Your task: From the line holding "Cornus ormonde is" through the line holding "CHINA - CIRCA" below, write out every line exactly; include both of those lines and drop the pictures.

Excerpted records:
****
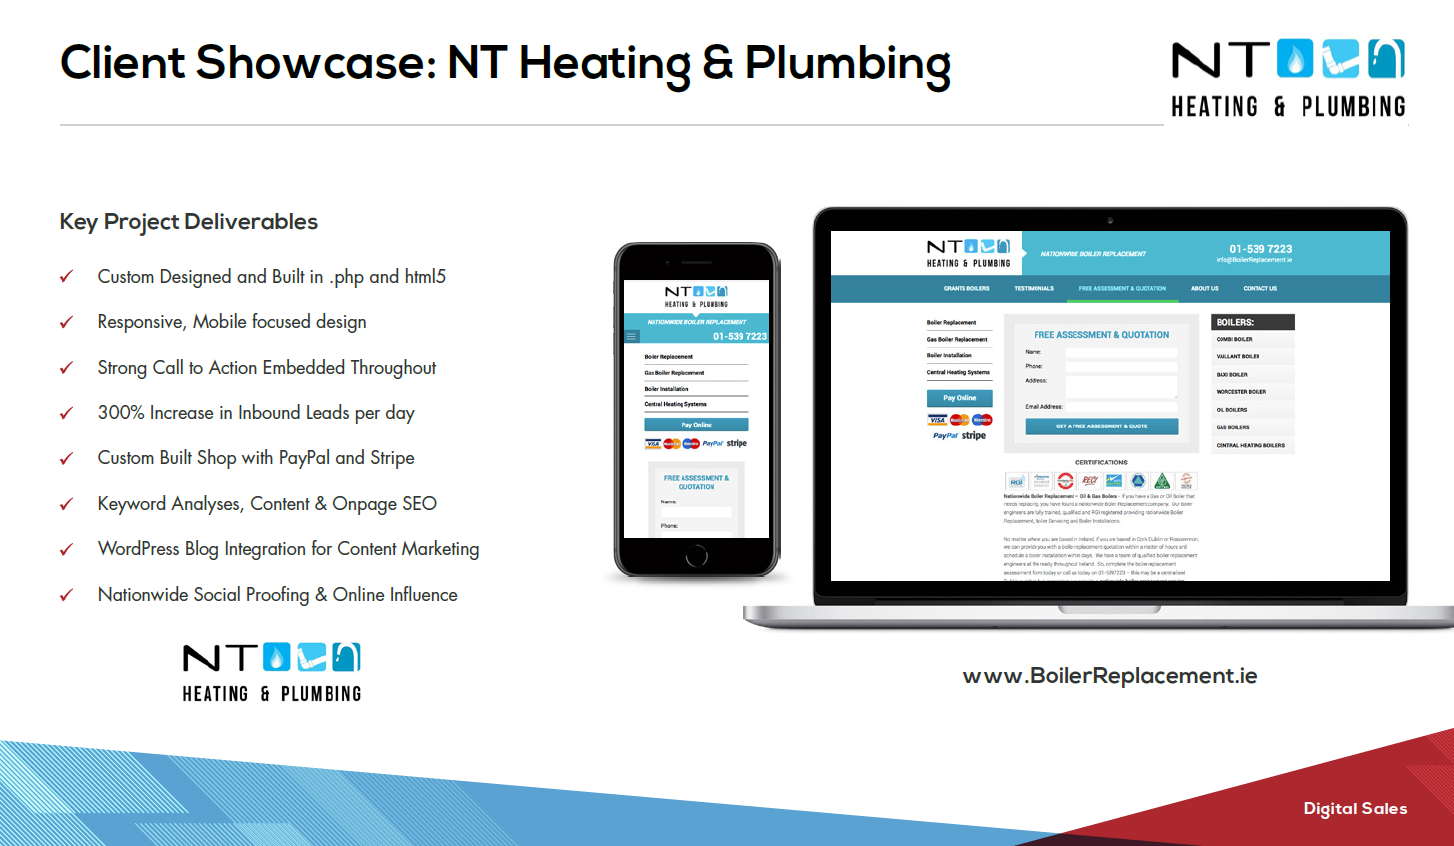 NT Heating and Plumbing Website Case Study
****
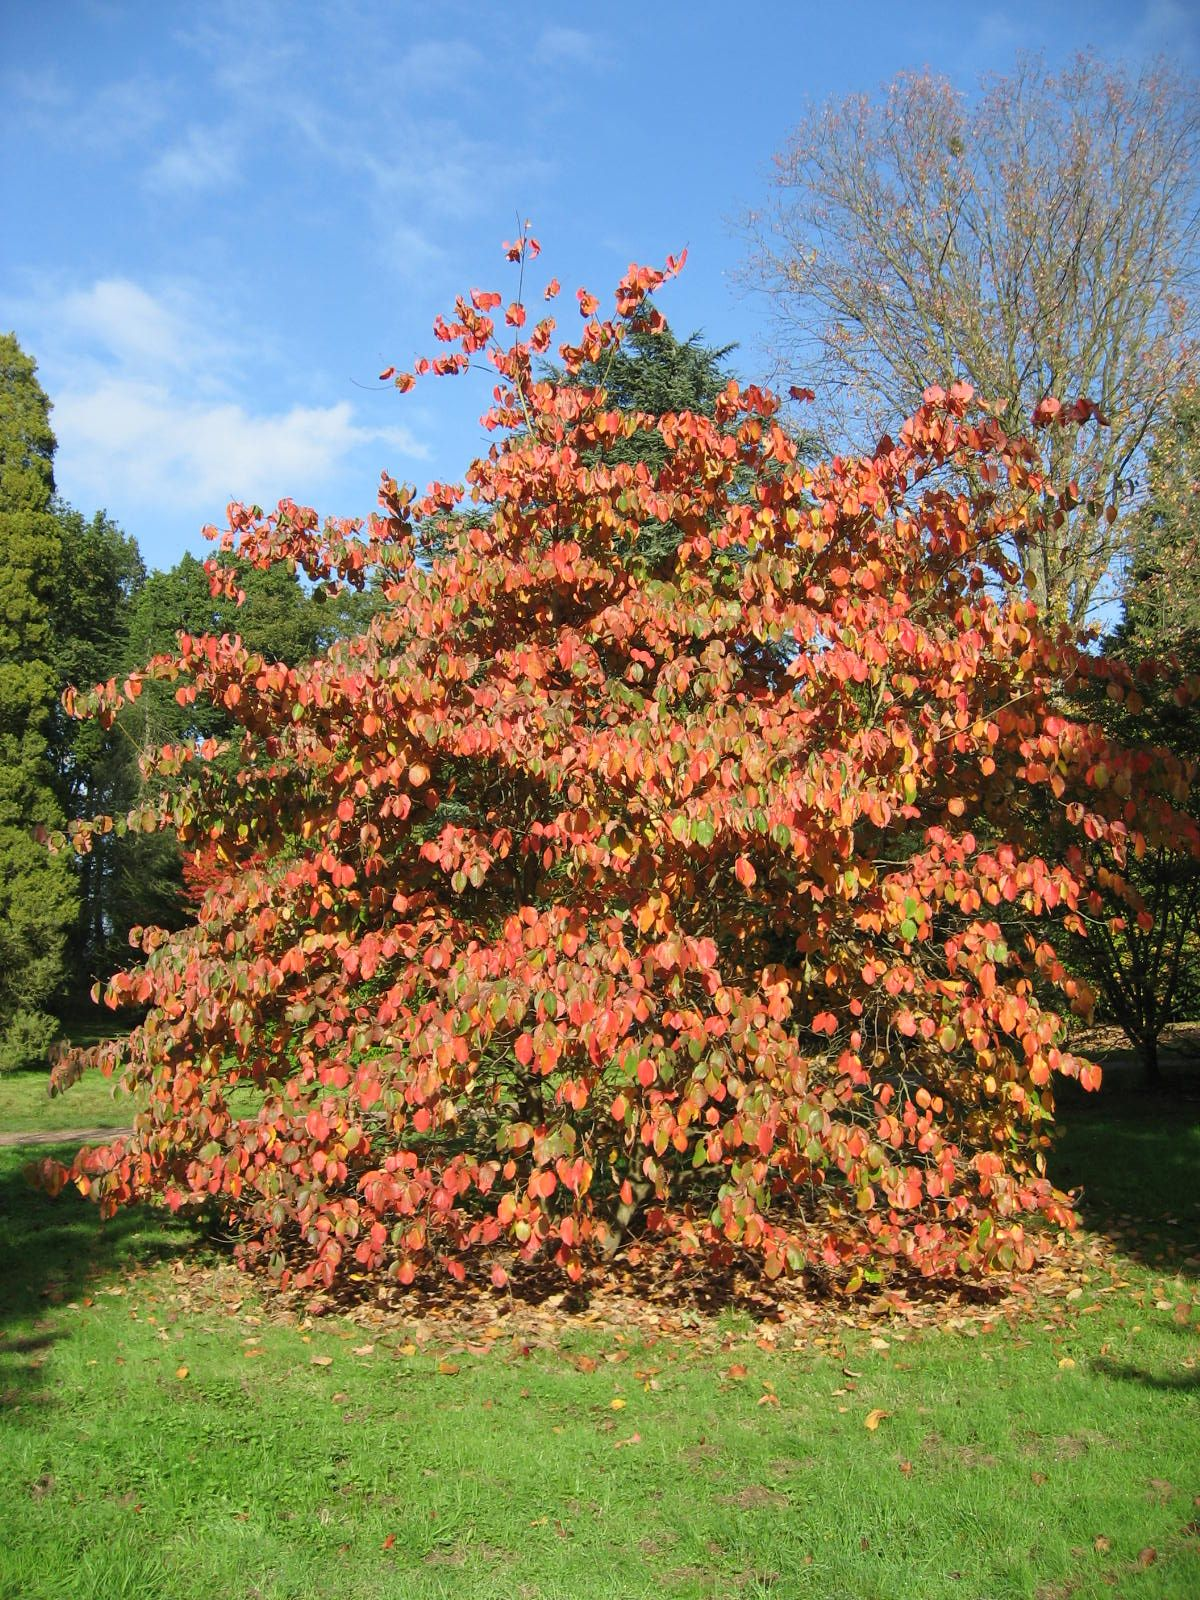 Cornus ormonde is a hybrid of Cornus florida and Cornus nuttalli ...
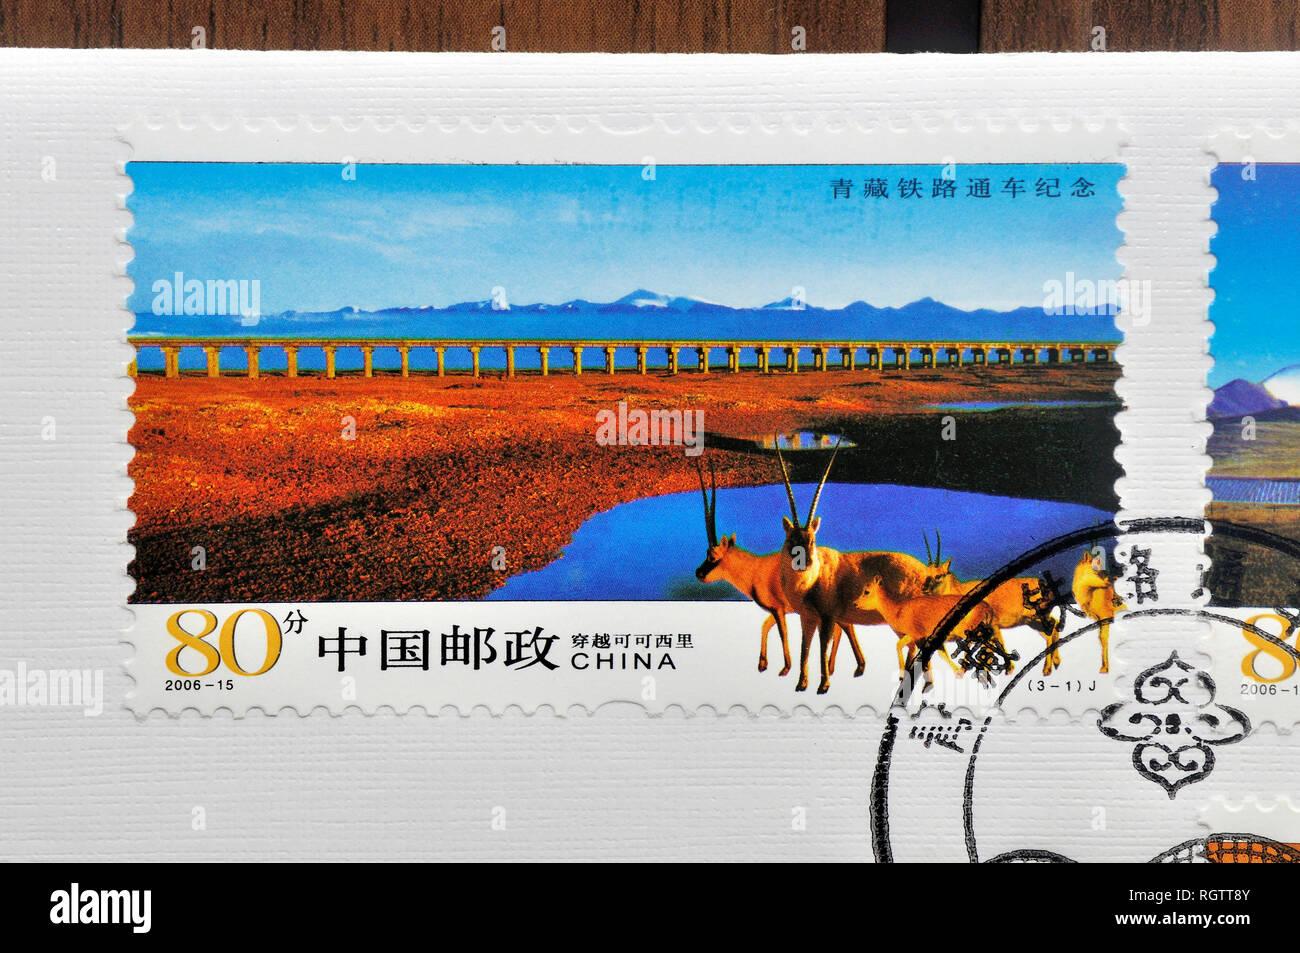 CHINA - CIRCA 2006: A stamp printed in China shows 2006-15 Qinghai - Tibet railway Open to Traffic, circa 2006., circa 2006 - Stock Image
****
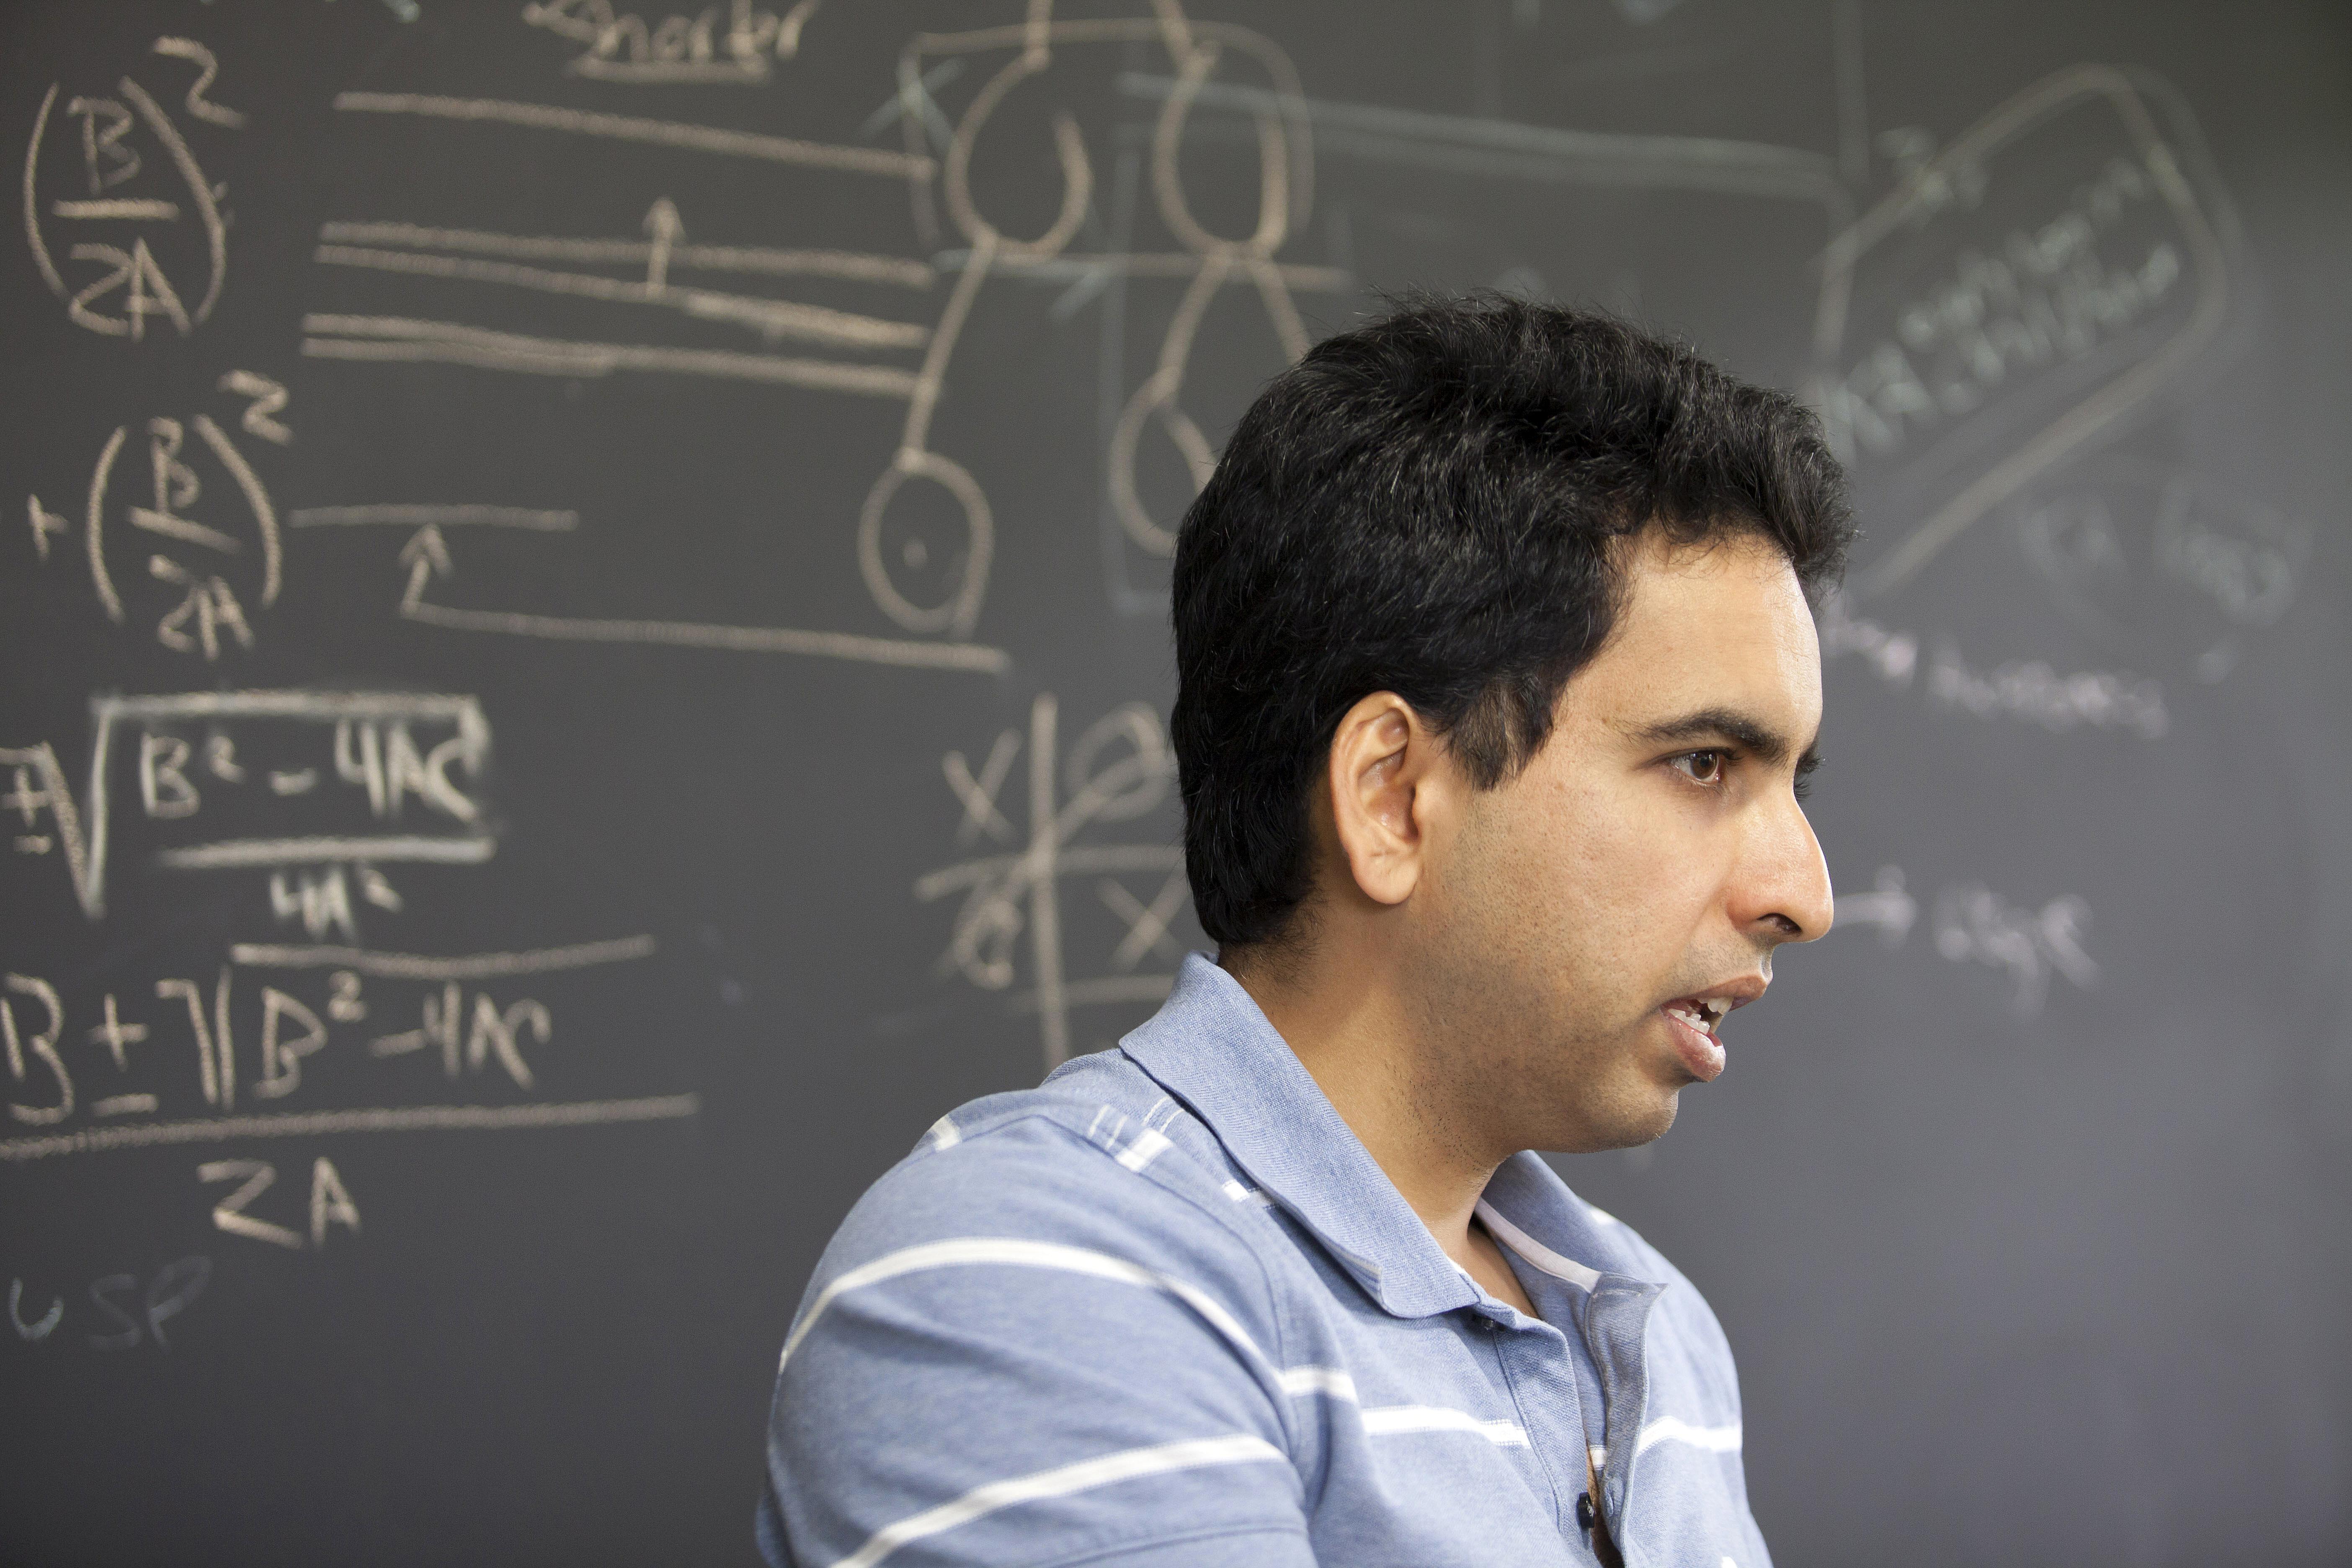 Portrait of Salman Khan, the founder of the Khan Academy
****
Solved exercise:
 Cornus ormonde is a hybrid of Cornus florida and Cornus nuttalli ...
 CHINA - CIRCA 2006: A stamp printed in China shows 2006-15 Qinghai - Tibet railway Open to Traffic, circa 2006., circa 2006 - Stock Image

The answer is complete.